I put his relationship status in the original post to show how the different lives the two brothers have, not as a put down on his situation. Actually I work part time so not as much dual income as you are assuming.

You are right - sadly fair doesn't mean equal.

Strictlyballroom Thu 14-Aug-14 07:13:20

I am also amazed at how many parents assist their adult dc with money, is it really that common? We have received zilch from ours and my Mother is really quite well off.

KoalaDownUnder Thu 14-Aug-14 07:14:54

Okay, but you have two potential full-time incomes under one roof, and only one child, at least for now.

Maybe your MIL would have looked at it differently if you had three kids, or if your BIL lived with a partner. But she's probably just seeing it as, First Son seems pretty sorted, but Second Son is on his own financially AND seems unhappy. I'll give him a leg up.

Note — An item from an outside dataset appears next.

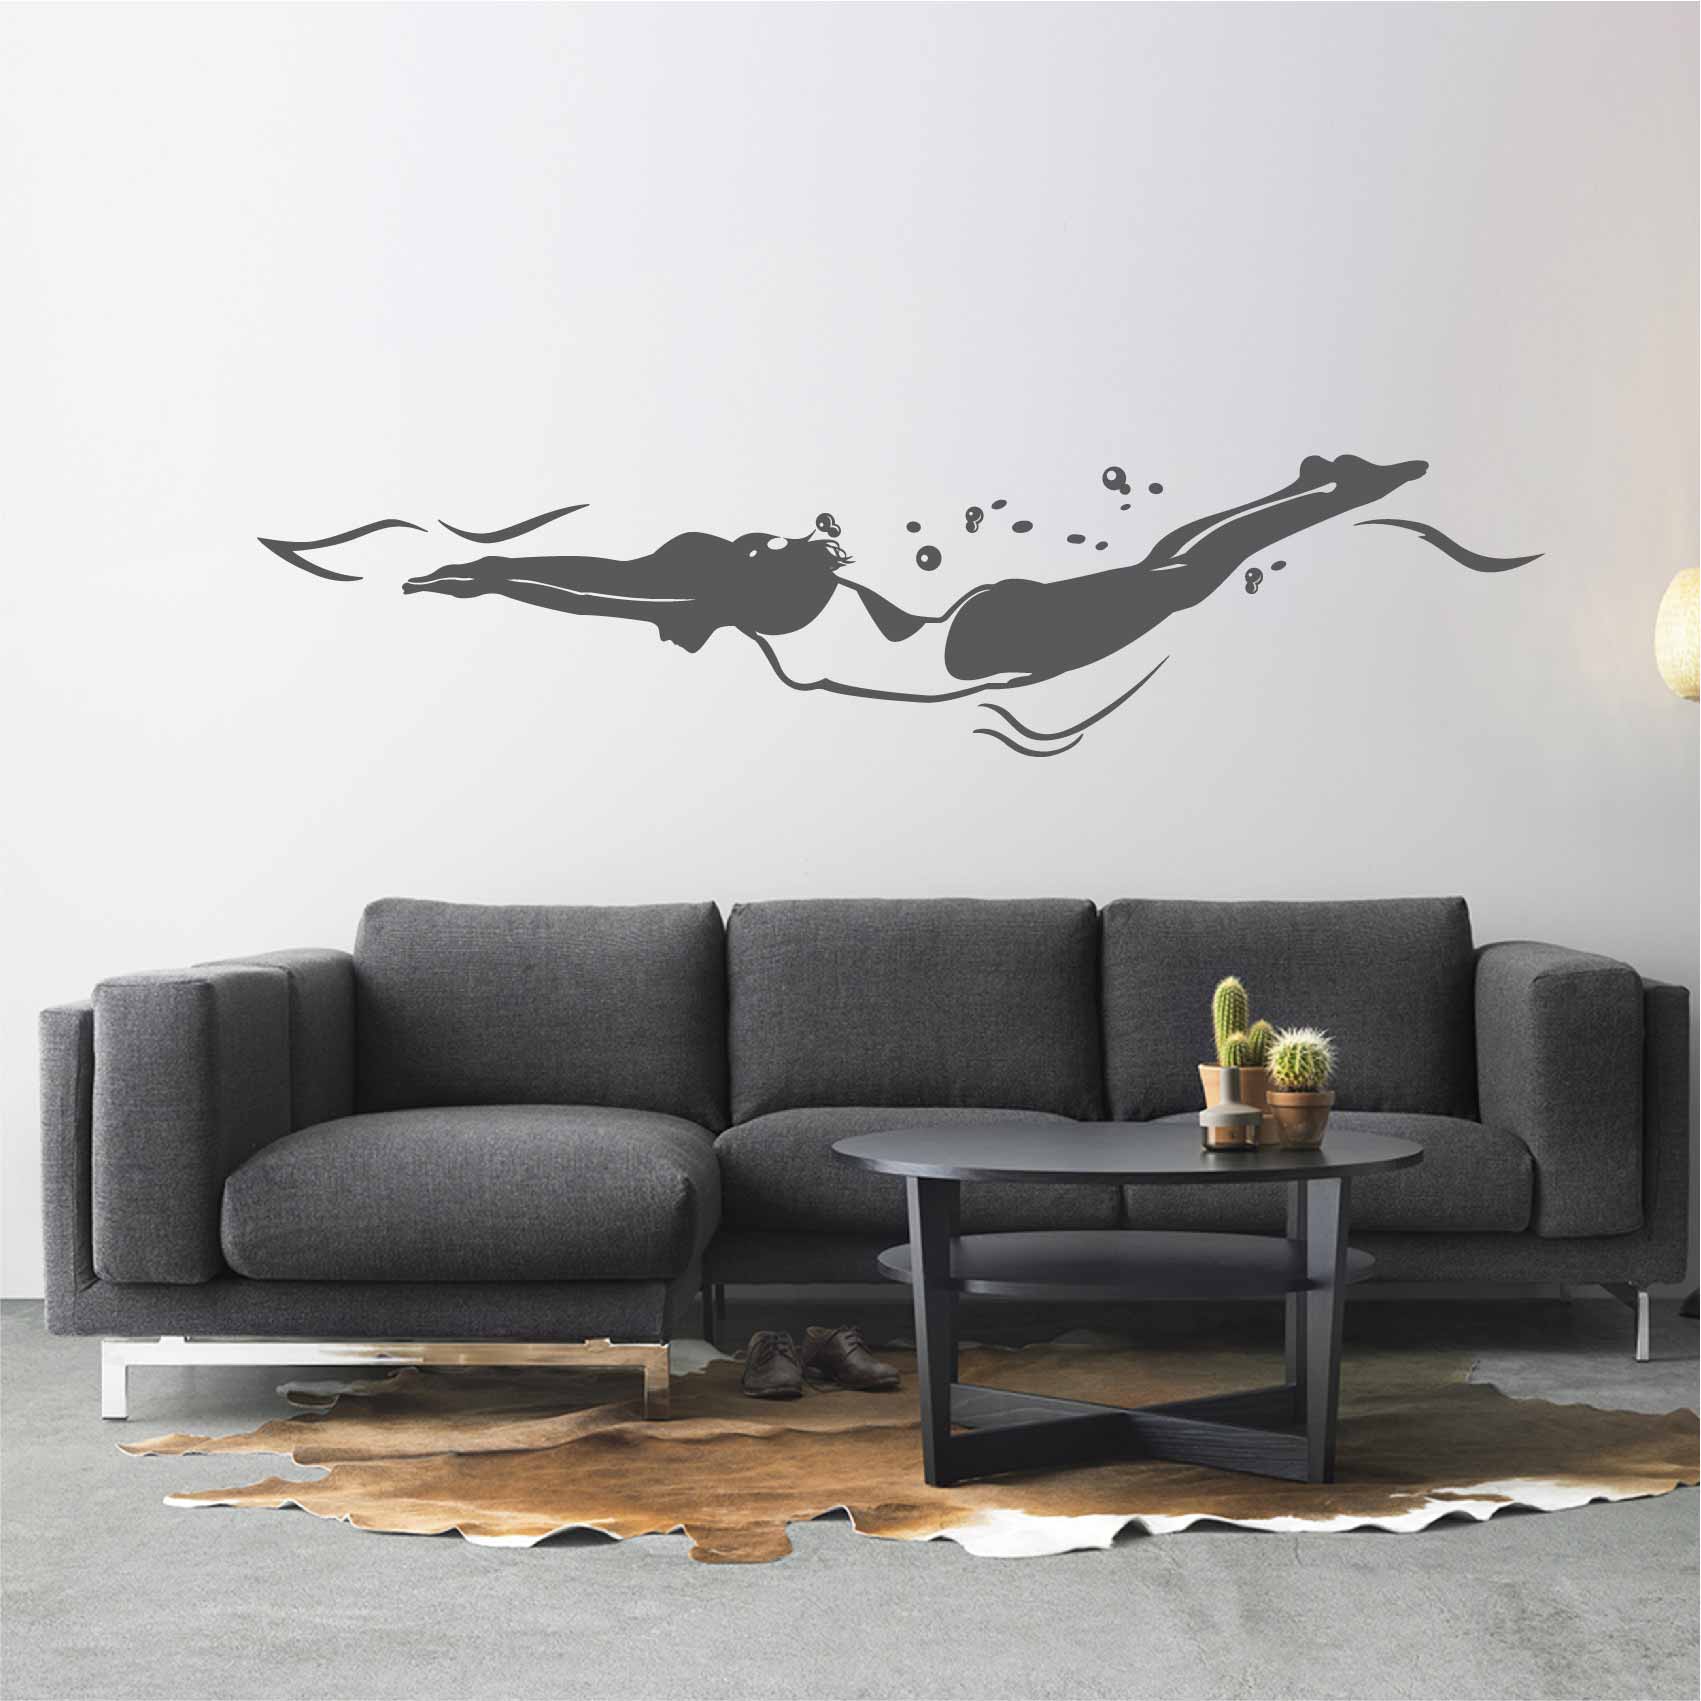 stickers-natation-ref50silhouette-stickers-muraux-silhouette-autocollant-chambre-salon-sticker-mural-ombre
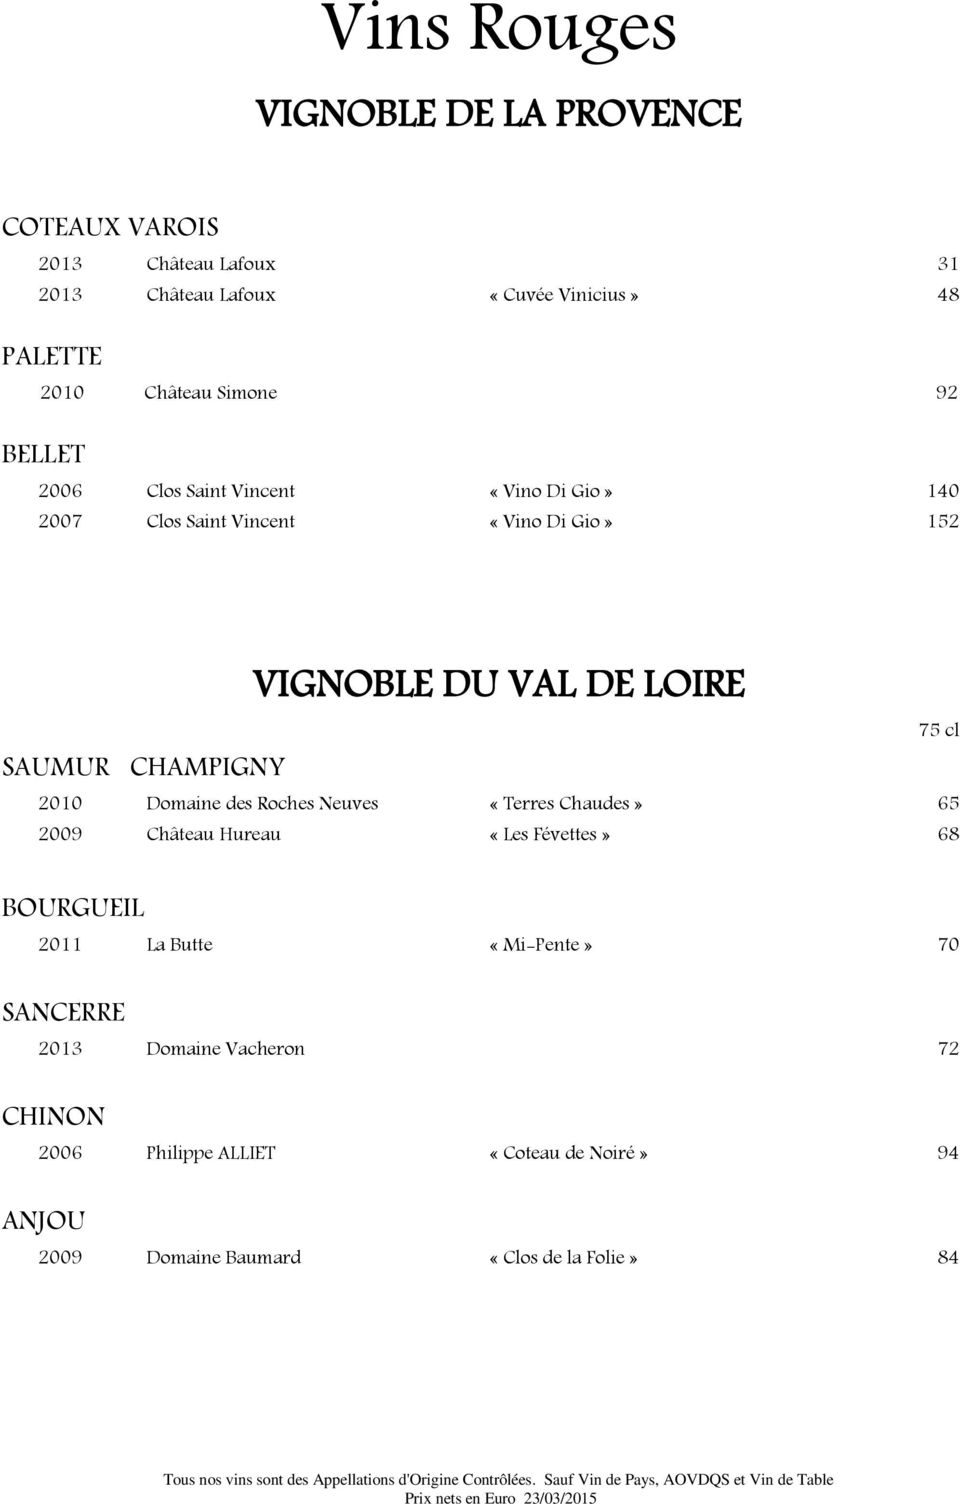 VIGNOBLE DU VAL DE LOIRE 2010 Domaine des Roches Neuves «Terres Chaudes» 65 2009 Château Hureau «Les Févettes» 68 BOURGUEIL 2011 La

I don't blame you for being a bit peeved. Just trying to show the other side.

MrsBigginsPieShop Thu 14-Aug-14 07:54:42

I can understand how you feel, having been through something similar when MIL passed away. But unfortunately it isn't 'your' money to assume a right to. I don't really know why there is an expectation of inheritance in a lot of families - isn't the MN favourite to teach children not to expect or ask for gifts? Also, as pp said, there may be financial arrangements in place you aren't privy to and the money is a loan. Would seem quite likely if they were so savvy wth property/money in the past. Yabu.

If it's protecting your MIL that you're concerned about then make sure she gets independent legal advice when BIL buys the house so her contribution is protected. If BIL is having a mortgage the lender will want to know where all the money is coming from anyway and will investigate.